Understanding JSON and Its Structure
JSON data is an ordered structure consisting of key-value pairs. Keys must be strings. Values can be any data type, including strings, numbers, arrays, and objects.
JSON is a lightweight data-interchange format that is easy for humans and machines to read and write. It is used in REST APIs, AJAX, and WebSockets. The simplest JSON structure is a single key-value pair, such as:
{
"title": "Example"
}
This approach allows JSON to easily structure data, which has helped to make it a popular format. Here are some of the benefits of using JSON:
-
JSON data is human-readable, which makes it easy to understand and debug.
-
JSON is a simple format for machines to parse and generate.
-
The JSON data structure is clear from the data itself, making it easy to understand.

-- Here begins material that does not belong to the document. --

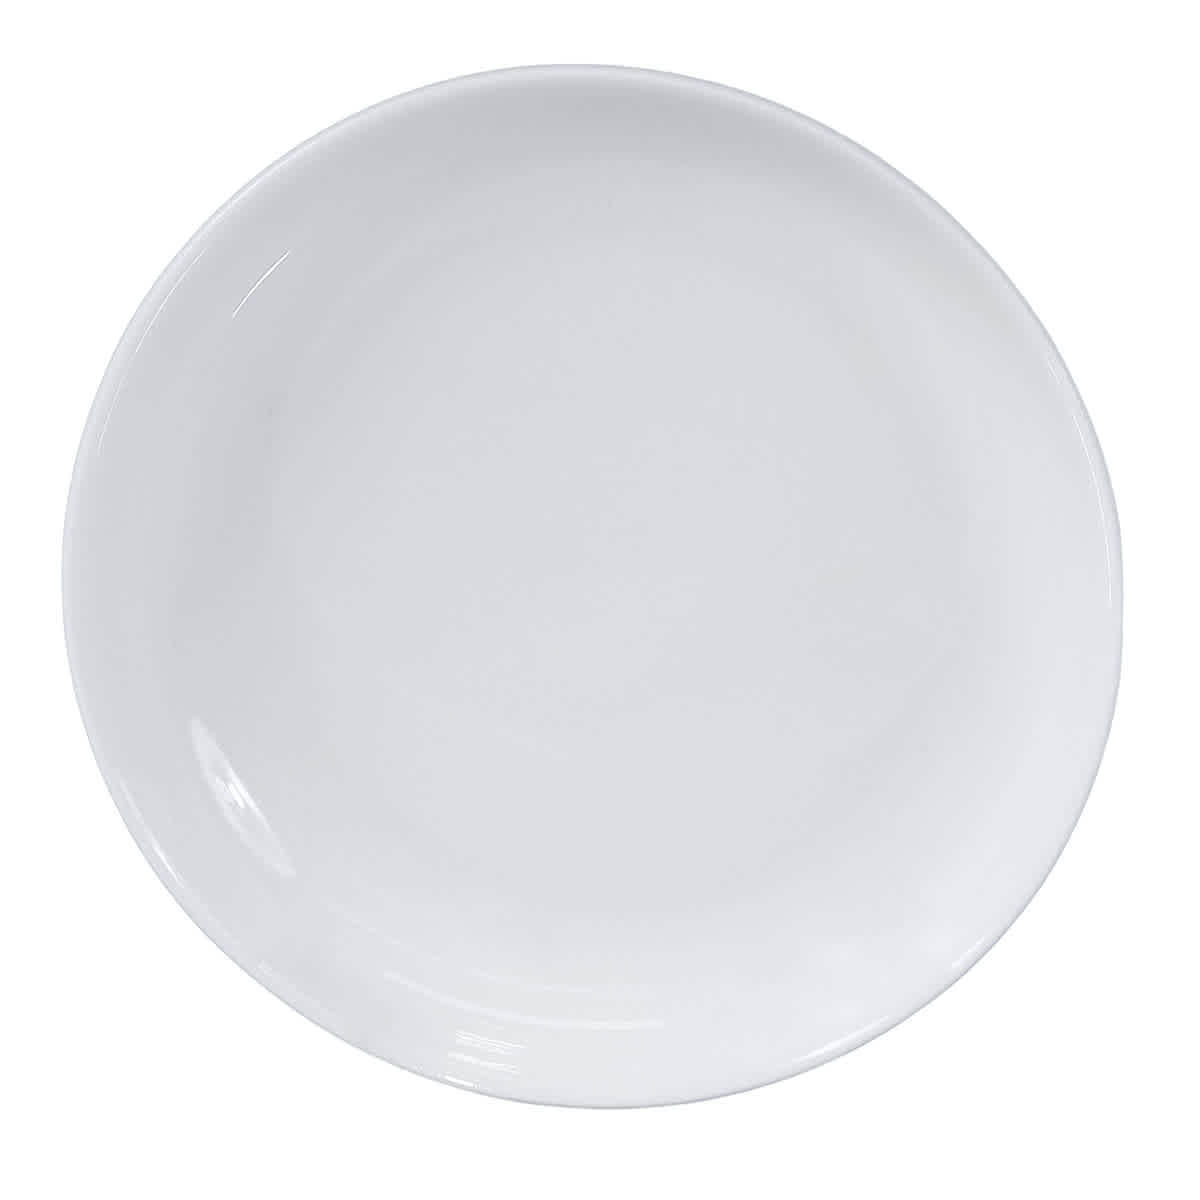 Ginori 1735 Oggetti Festooned Small Plate In White
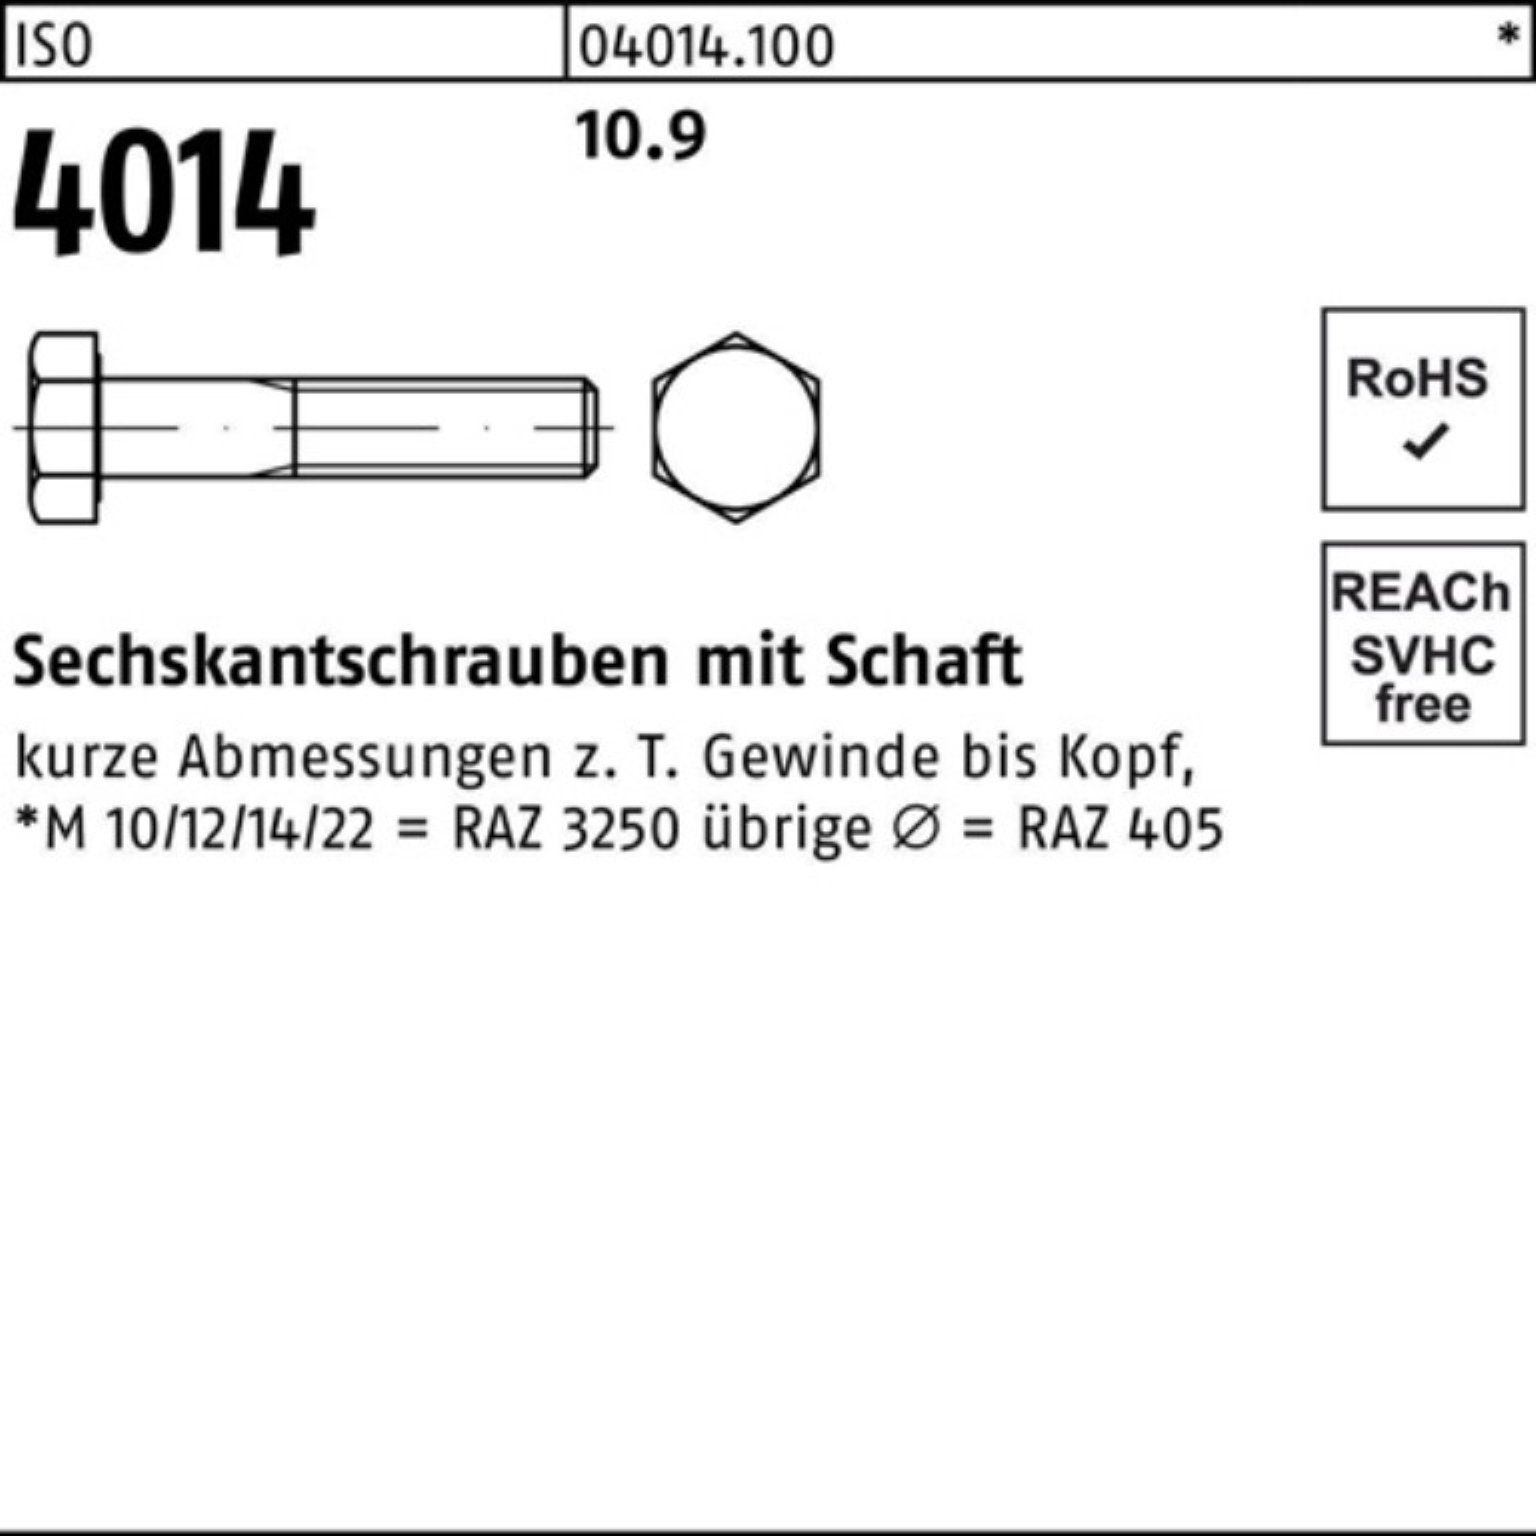 IS Sechskantschraube Schaft M18x 4014 Pack ISO Sechskantschraube Bufab Stück 300 100er 10.9 1

JSON supports different data types, including strings, numbers, arrays, and objects. For example, the following JSON object has three properties:
{
"title": "Example",
"year": 2023,
"article": {
"title": "JSON parsing",
"language": "Python"
}
}
The article property is nested within the main object in the example above. This allows us to store more complex data in a JSON object.
Python JSON Parsing Basics
JSON parsing, also known as deserialization, is the process of converting a JSON string or file into a data structure that can be manipulated by a program. At the same time, JSON serialization is the process of converting a data structure into a JSON string or file. In other words, JSON parsing is the process of reading JSON data, while JSON serialization is writing JSON data.
While JSON and Python data types may share similarities, it’s essential to understand that there may be differences. Here is the table showing the correspondence between data types in JSON and Python:
JSON Data Type | Python Data Type |
---|---|
Number | int, float |
String | str |
Boolean | bool |
true | True |
false | False |
Object | dict |
Array | list |
Object (Empty) | dict() or {} |
Array (Empty) | list() or [] |
Null | None |
JSON Undefined | Not directly equivalent |
JSON NaN | float(‘nan’) |
Sets | set (conversion required) |
Bytes and Bytearrays | bytes, bytearray |
Enumerations | enum.Enum |
JSON and Python data types are generally compatible, but there may be some differences and considerations when working with them, especially regarding more complex data structures and custom objects.
You can use the built-in JSON module (JSON Encoder and Decoder) to read JSON data in Python. The JSON module provides two methods for converting JSON data to Python objects:
-
loads() converts a JSON string to a Python object.
-
load() converts a JSON file to a Python object.
The objects returned by these methods can be lists or dictionaries.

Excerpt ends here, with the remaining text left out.